TLS configureren voor een toepassing in Azure

Belangrijk

Cloud Services (klassiek) is nu afgeschaft voor nieuwe klanten en wordt op 31 augustus 2024 voor alle klanten buiten gebruik gesteld. Nieuwe implementaties moeten gebruikmaken van het nieuwe op Azure Resource Manager gebaseerde implementatiemodel Azure Cloud Services (uitgebreide ondersteuning).

Tls (Transport Layer Security), voorheen bekend als SSL-versleuteling (Secure Socket Layer), is de meest gebruikte methode voor het beveiligen van gegevens die via internet worden verzonden. In deze algemene taak wordt besproken hoe u een HTTPS-eindpunt voor een webrol opgeeft en hoe u een TLS/SSL-certificaat uploadt om uw toepassing te beveiligen.

Notitie

De procedures in deze taak zijn van toepassing op Azure Cloud Services. Zie dit voor App Services.
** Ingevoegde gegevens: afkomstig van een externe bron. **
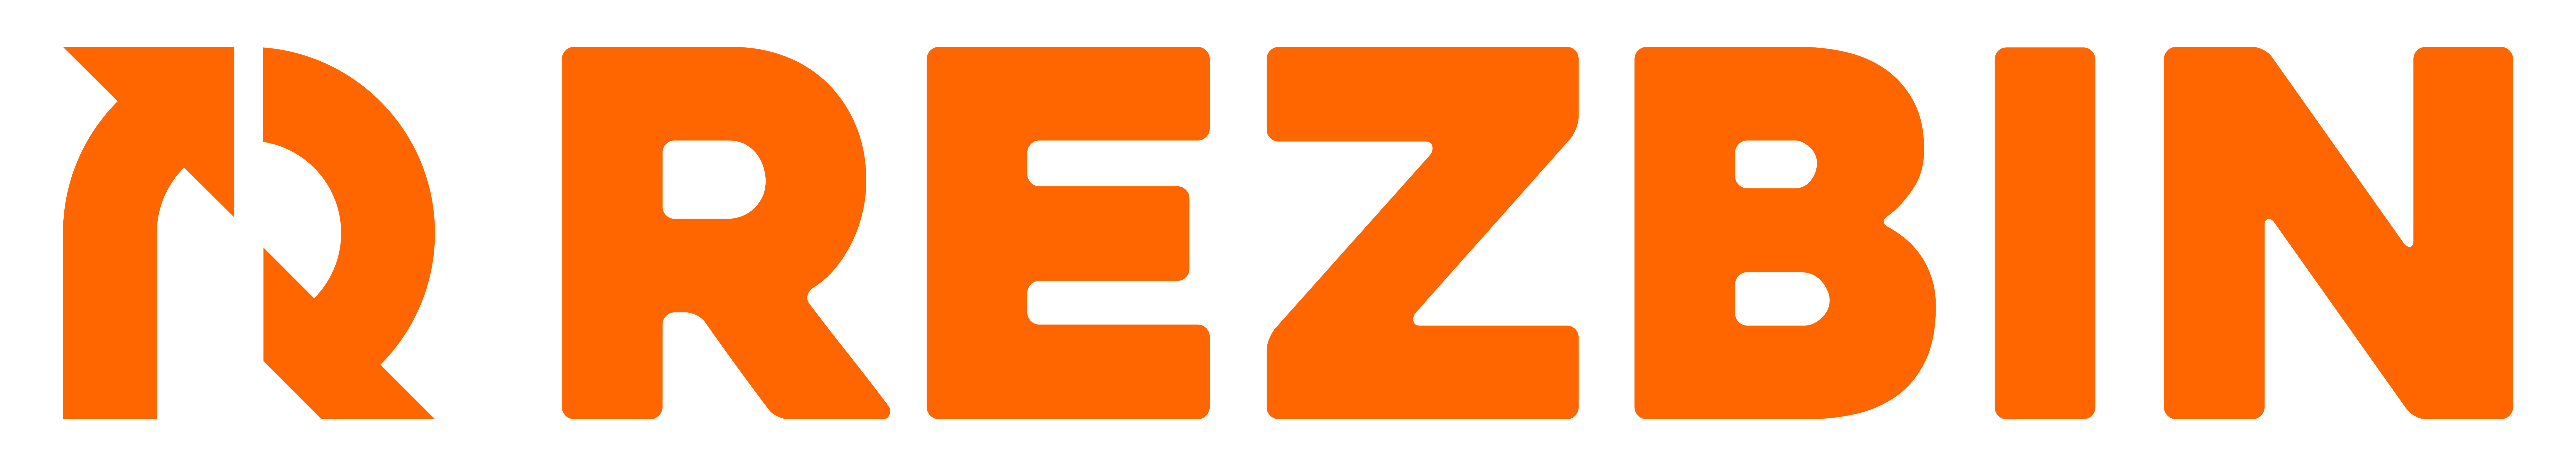 Client logo 1 (1)

Deze taak maakt gebruik van een productie-implementatie. Informatie over het gebruik van een faseringsimplementatie vindt u aan het einde van dit onderwerp.

Lees dit eerst als u nog geen cloudservice hebt gemaakt.

Stap 1: Een TLS/SSL-certificaat ophalen

Als u TLS voor een toepassing wilt configureren, moet u eerst een TLS/SSL-certificaat ophalen dat is ondertekend door een certificeringsinstantie (CA), een vertrouwde derde partij die certificaten voor dit doel uitgeeft. Als u er nog geen hebt, moet u er een verkrijgen van een bedrijf dat TLS/SSL-certificaten verkoopt.

Het certificaat moet voldoen aan de volgende vereisten voor TLS/SSL-certificaten in Azure:

  • Het certificaat moet een openbare sleutel bevatten.
  • Het certificaat moet worden gemaakt voor sleuteluitwisseling en kan worden geëxporteerd naar een PFX-bestand (Personal Information Exchange).
  • De onderwerpnaam van het certificaat moet overeenkomen met het domein dat wordt gebruikt voor toegang tot de cloudservice. U kunt geen TLS/SSL-certificaat verkrijgen van een certificeringsinstantie (CA) voor het cloudapp.net domein. U moet een aangepaste domeinnaam verkrijgen die u kunt gebruiken bij het openen van uw service. Wanneer u een certificaat aanvraagt bij een CA, moet de onderwerpnaam van het certificaat overeenkomen met de aangepaste domeinnaam die wordt gebruikt voor toegang tot uw toepassing. Als uw aangepaste domeinnaam bijvoorbeeld contoso.com vraagt u een certificaat aan bij uw CA voor *.contoso.com of www.contoso.com.
  • Het certificaat moet minimaal 2048-bits versleuteling gebruiken.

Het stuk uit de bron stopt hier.